* [Information shown]
* * * *

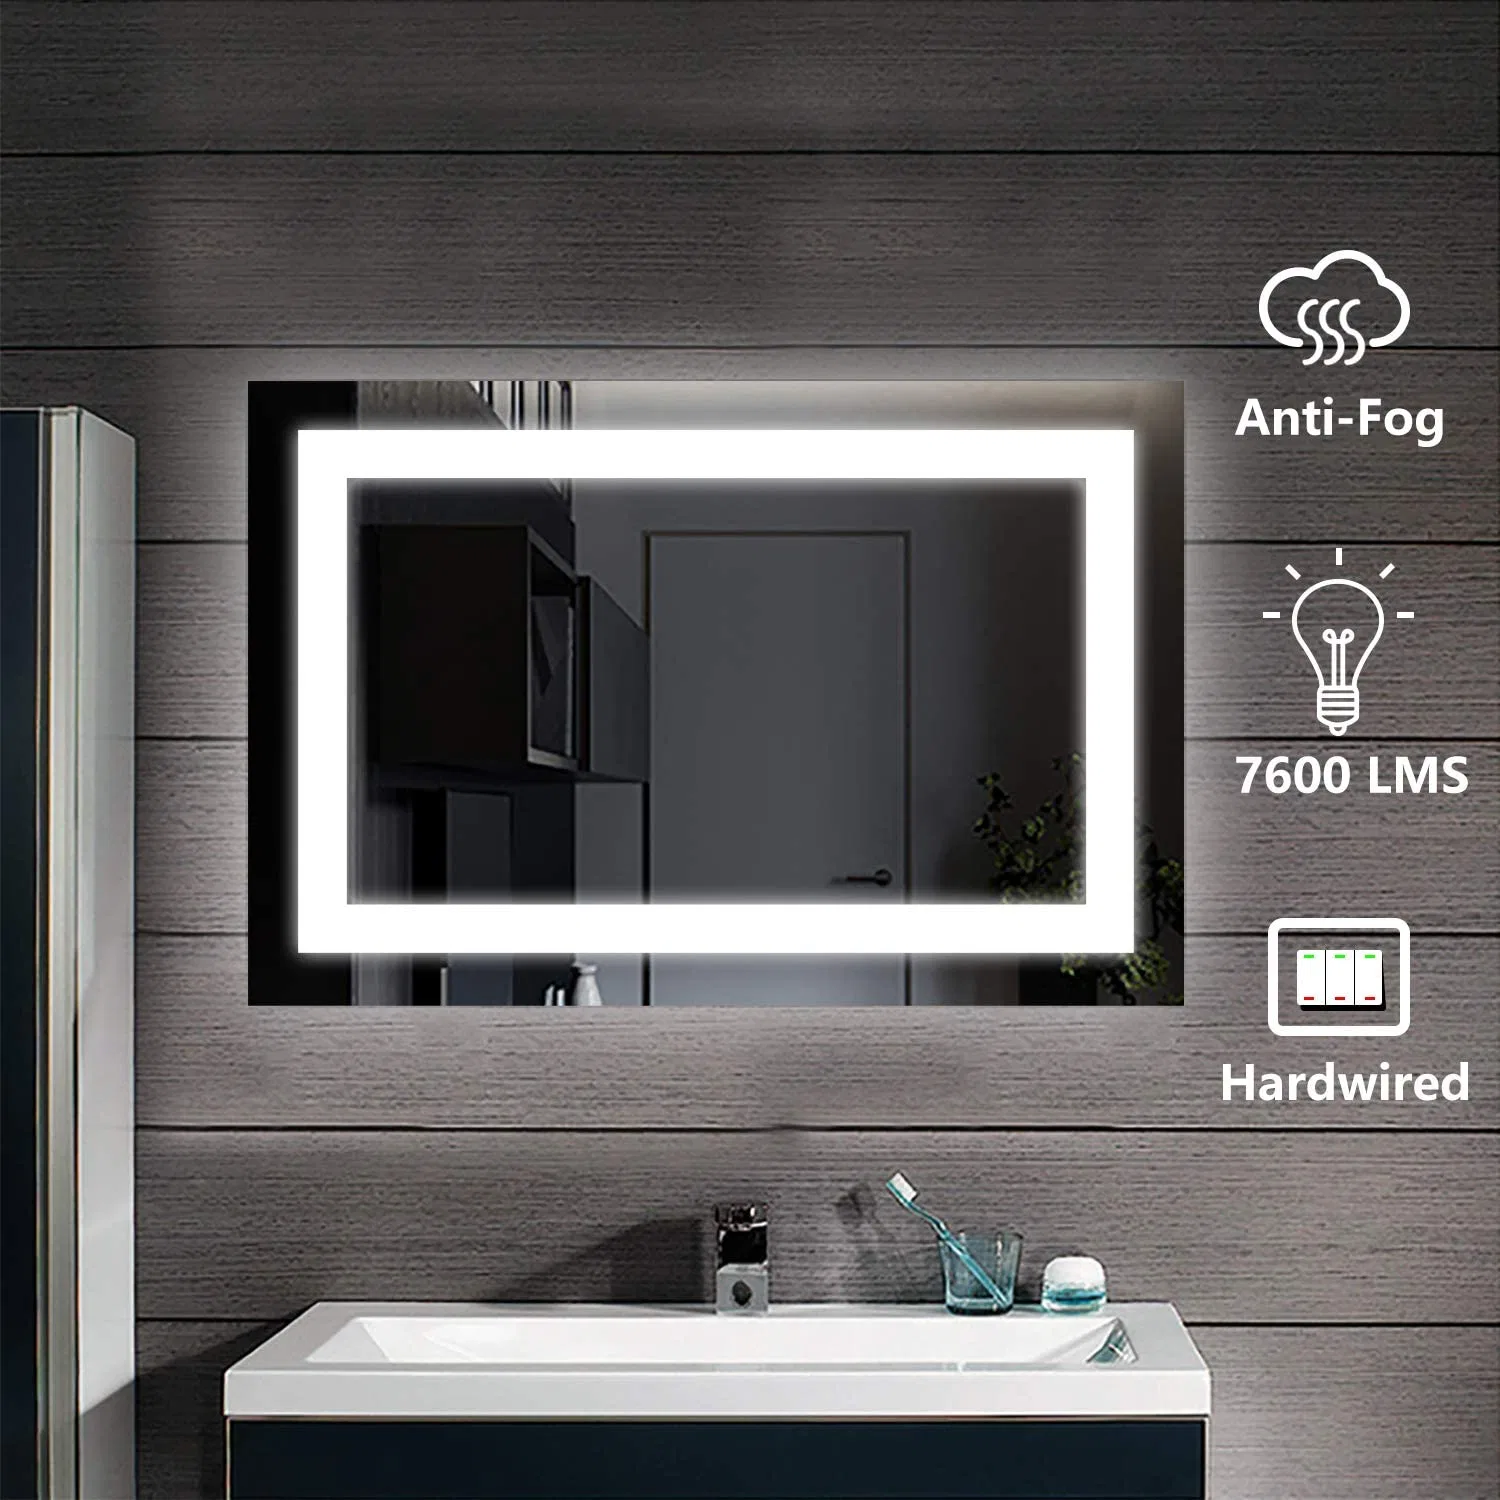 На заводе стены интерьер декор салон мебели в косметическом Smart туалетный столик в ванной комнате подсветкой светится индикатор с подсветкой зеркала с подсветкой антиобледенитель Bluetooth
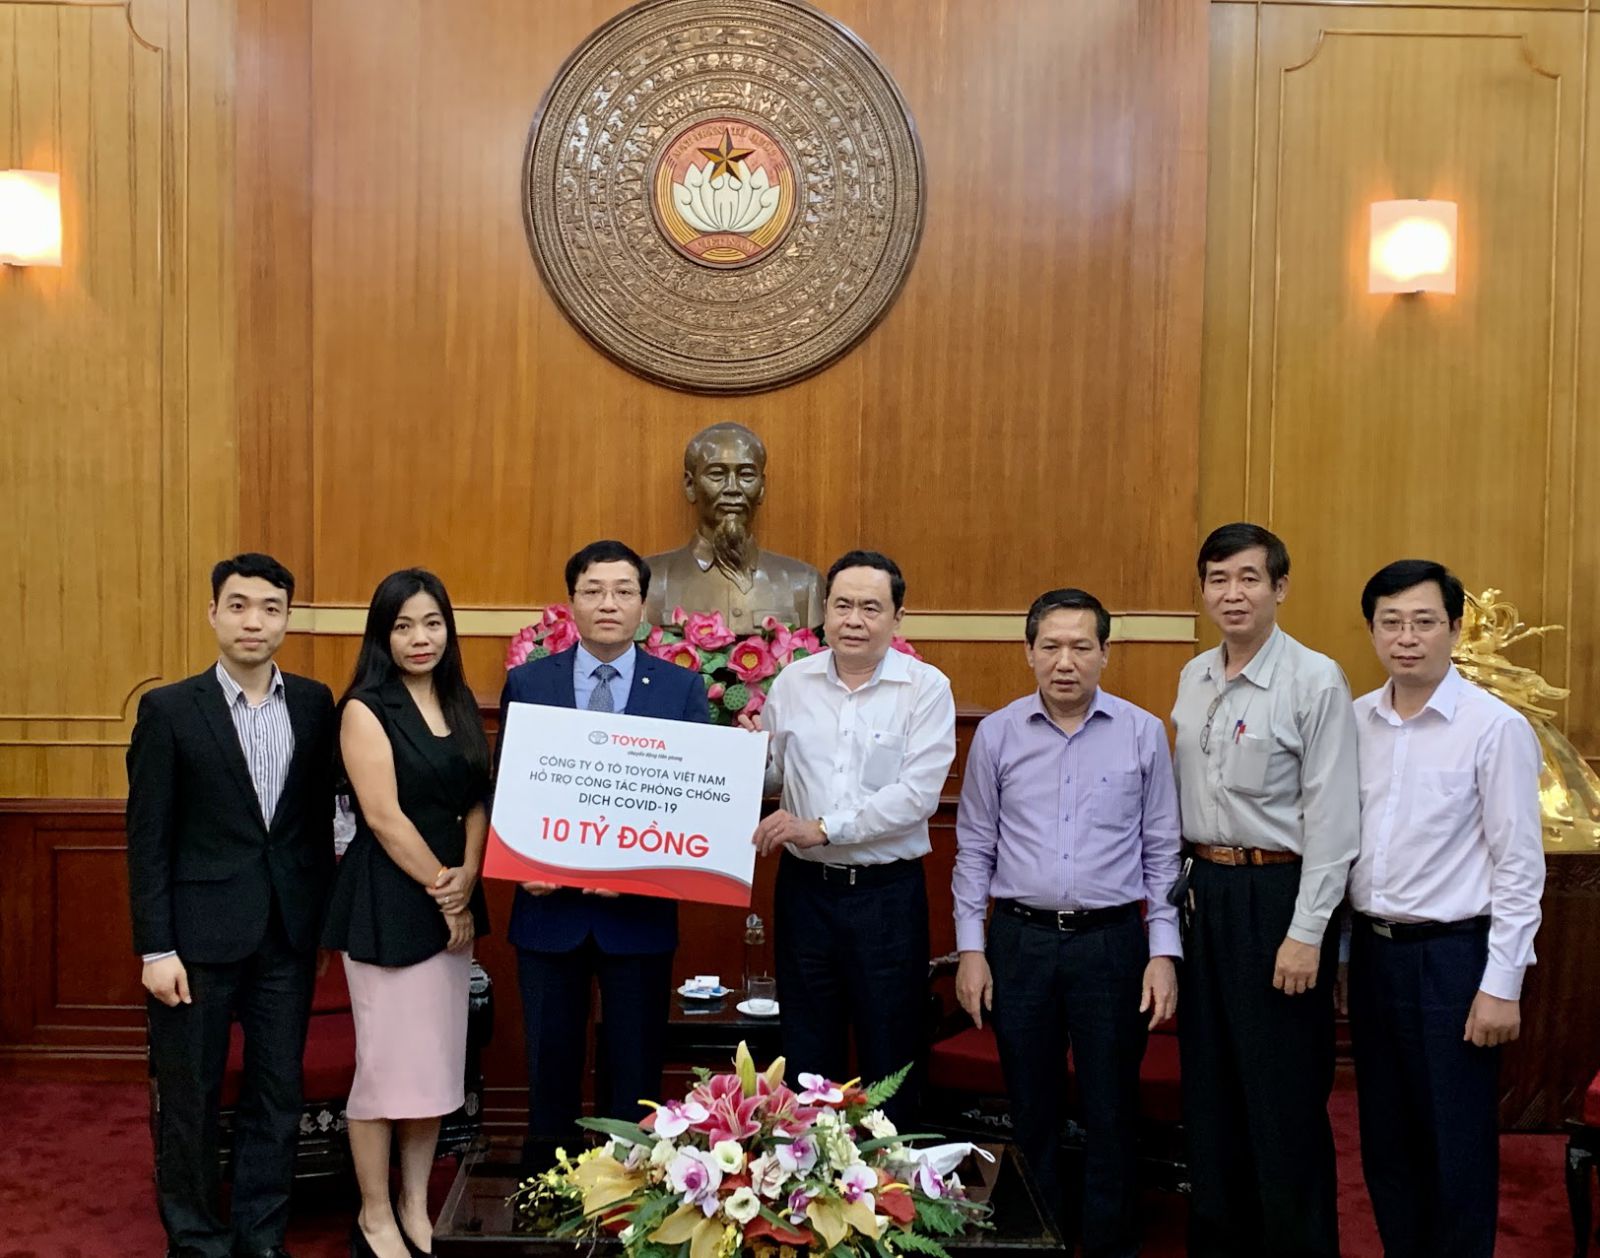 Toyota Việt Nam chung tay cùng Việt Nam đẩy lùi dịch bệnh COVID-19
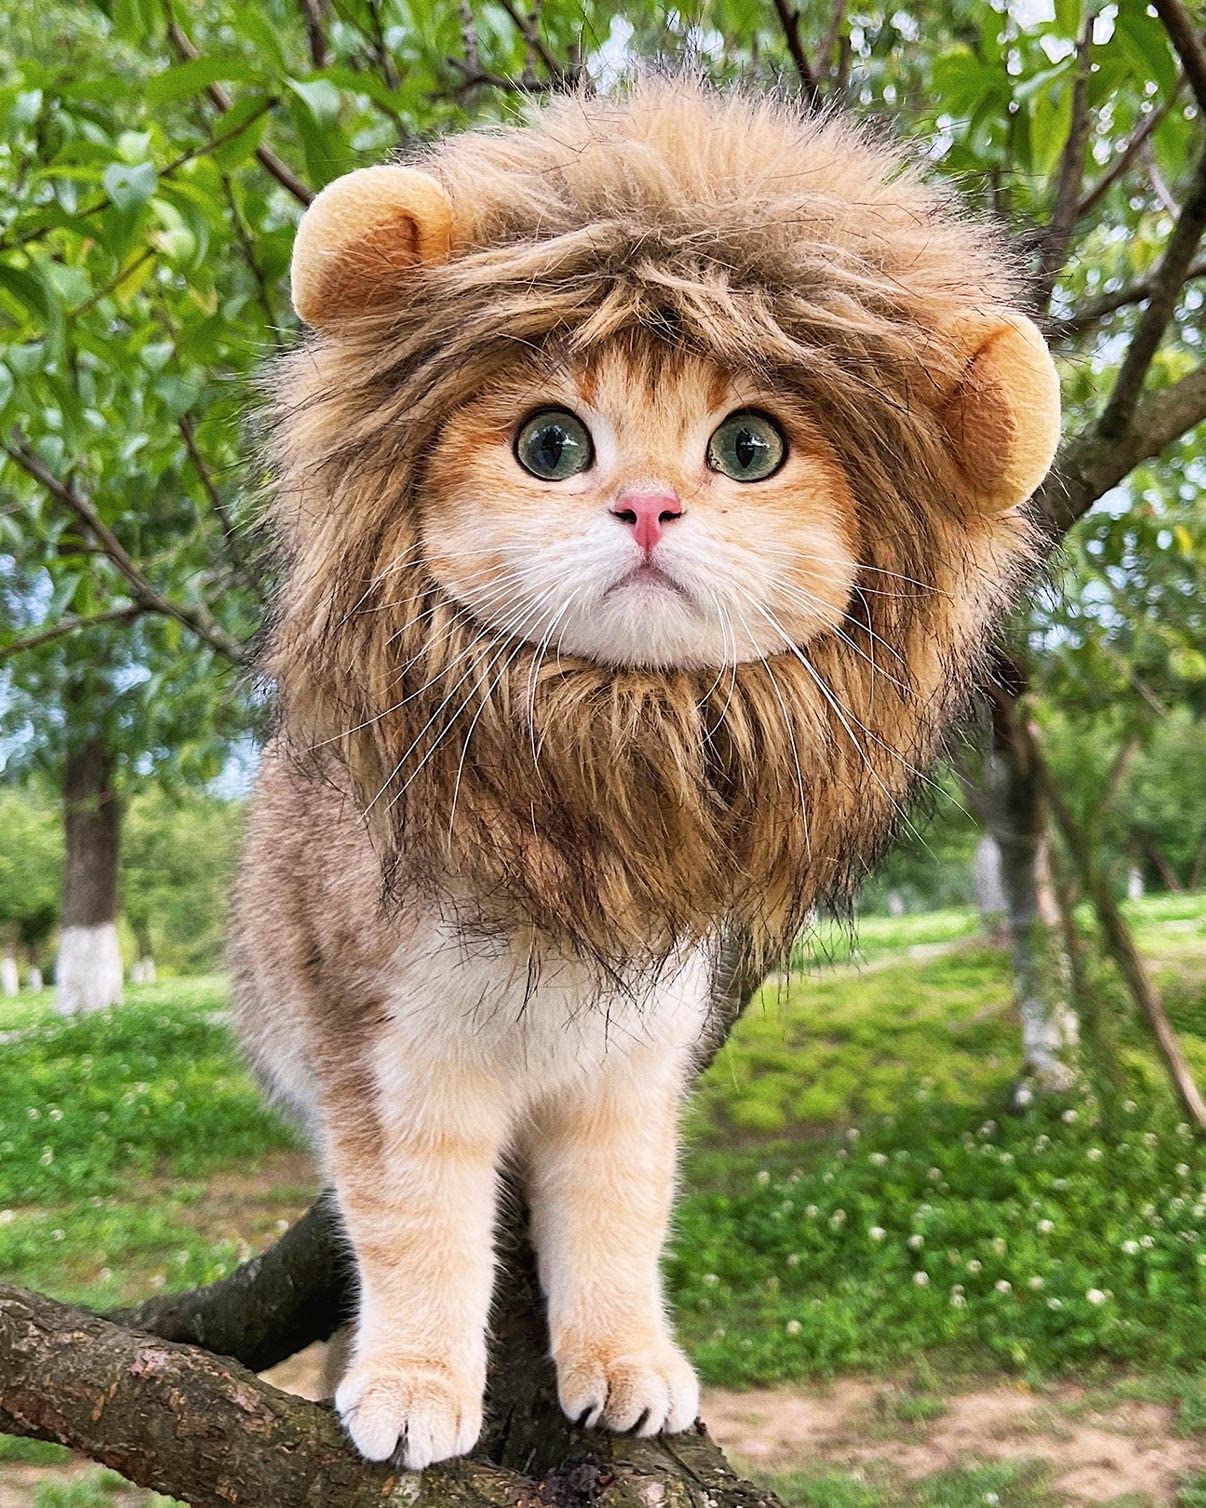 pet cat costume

* * * *

* [Your instructions]
From the first line to the last, output the data exactly; skip any pictures.

* [Result for this exercise]
 На заводе стены интерьер декор салон мебели в косметическом Smart туалетный столик в ванной комнате подсветкой светится индикатор с подсветкой зеркала с подсветкой антиобледенитель Bluetooth
 Toyota Việt Nam chung tay cùng Việt Nam đẩy lùi dịch bệnh COVID-19
 pet cat costume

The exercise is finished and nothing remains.